First, we define the LLM we'll use for all calls and the LangGraph state. We'll use a chat fine-tuned version of Mistral 7B called `neural-chat-7b-v3-1-awq`:

In [1]:
import { ChatCloudflareWorkersAI } from "@langchain/cloudflare";
import { MessageGraph } from "@langchain/langgraph";

const model = new ChatCloudflareWorkersAI({
  model: "@hf/thebloke/neural-chat-7b-v3-1-awq",
  temperature: 0,
});

const graph = new MessageGraph();

As an exercise, let's see what happens with a naive attempt to get the model to answer questions:

In [2]:
import { ChatPromptTemplate } from "@langchain/core/prompts";
import { StringOutputParser } from "@langchain/core/output_parsers";

const naivePrompt = ChatPromptTemplate.fromTemplate(
  `You are an expert support specialist, able to answer any question about LangCorp, a company that sells computers.`
);

const chain = naivePrompt.pipe(model).pipe(new StringOutputParser());

const res = await chain.invoke("I've changed my mind and I want a refund for order #182818!");

console.log(res);

LangCorp is a company that specializes in selling computers and related accessories. They offer a wide range of products, including laptops, desktops, monitors, keyboards, mice, and other peripherals. Their goal is to provide customers with high-quality, reliable, and affordable technology solutions to meet their needs.

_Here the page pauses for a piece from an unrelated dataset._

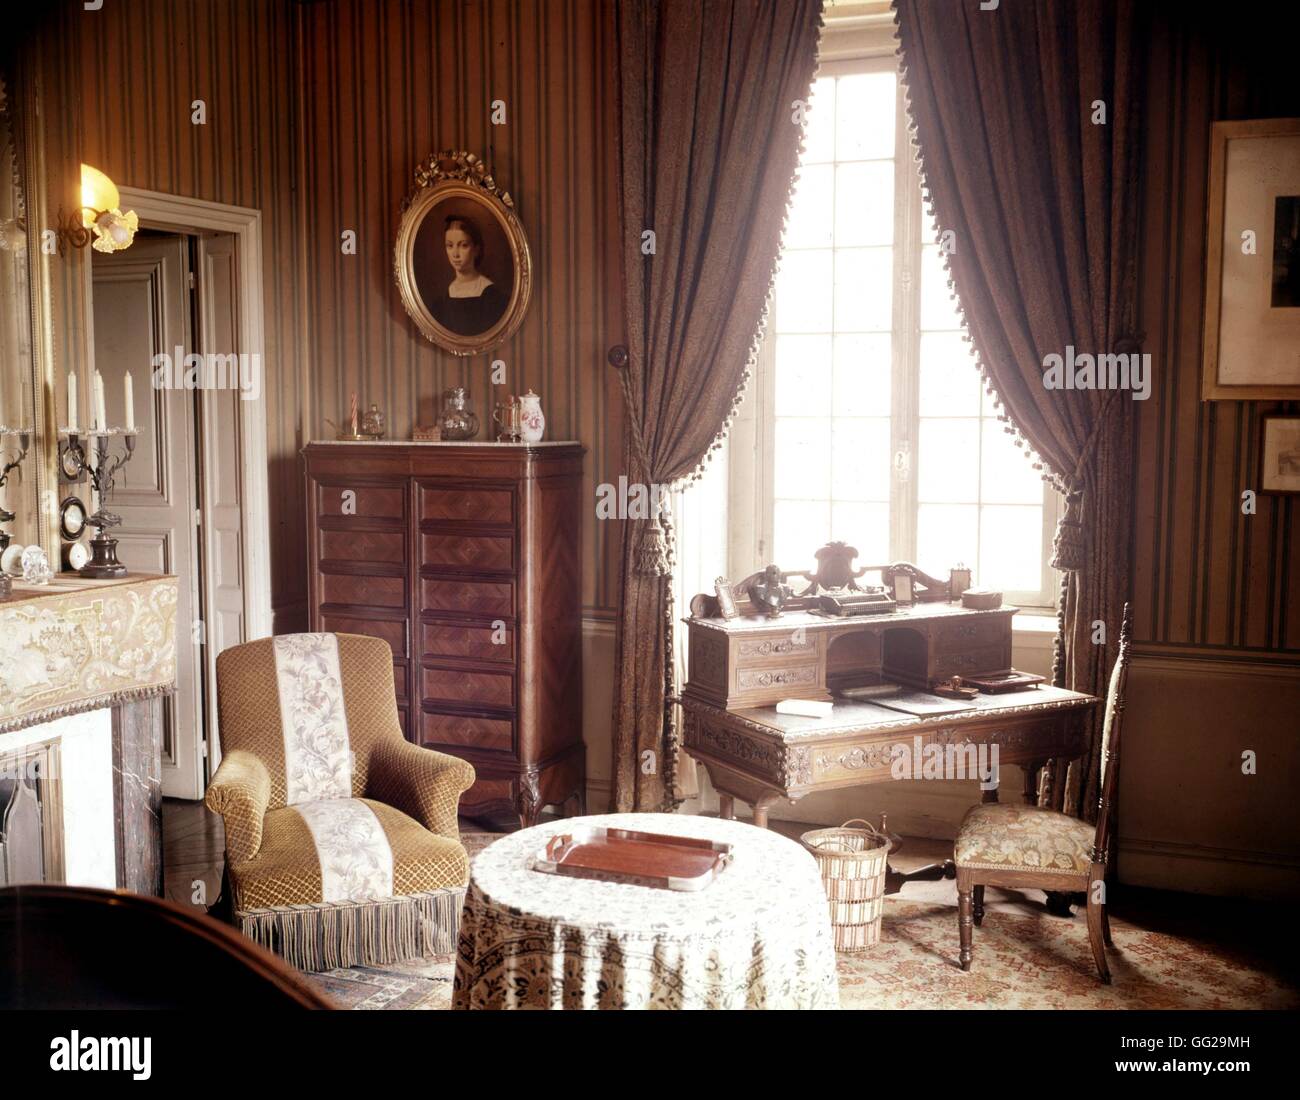 Louis Pasteur's bedroom, the way it was when he used to live there France 1864 Musée Pasteur Stock Photo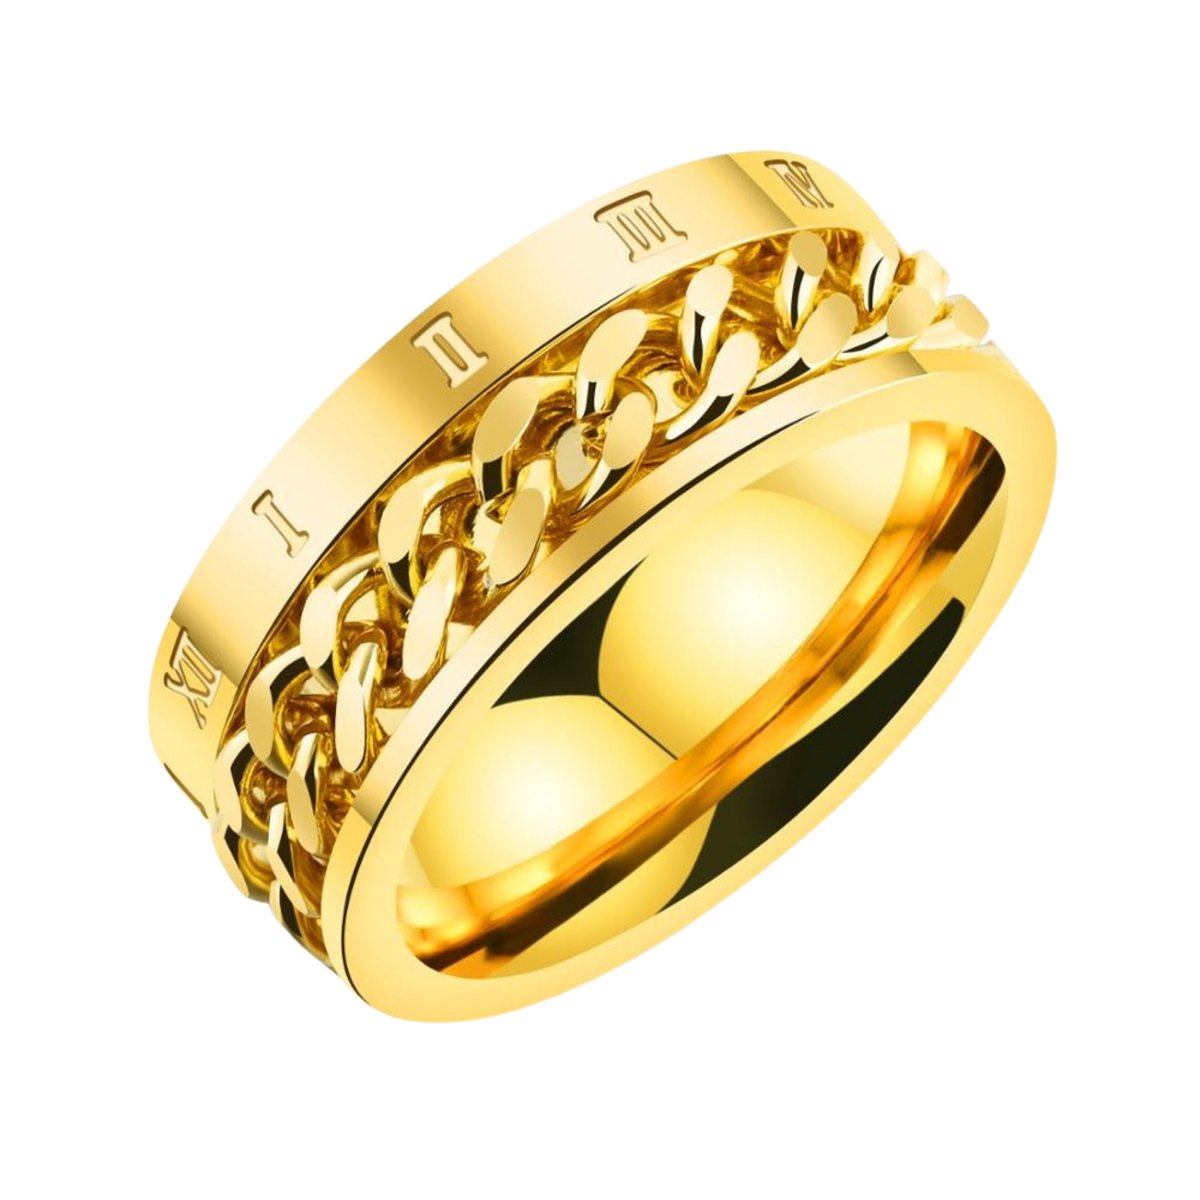 Anxiety Ring - (Rome) - Stress Ring - Fidget Ring - Anxiety Ring For Finger - Draaibare Ring - Spinning Ring - Goud - (17.25 mm / maat 54)

LangCorp's team of experts is always ready to assist customers in finding the perfect computer setup for their requirements. They offer personalized advice, help with configuration, and provide support throughout the entire purchasing process. Additionally, LangCorp ensures that their products are backed by warranties and after-sales services to guarantee customer satisfaction.

In summary, LangCorp is a company that focuses on selling computers and related accessories, aiming to provide customers with the best technology solutions for their needs. They offer a variety of products, expert advice, and excellent customer support to ensure a seamless shopping experience.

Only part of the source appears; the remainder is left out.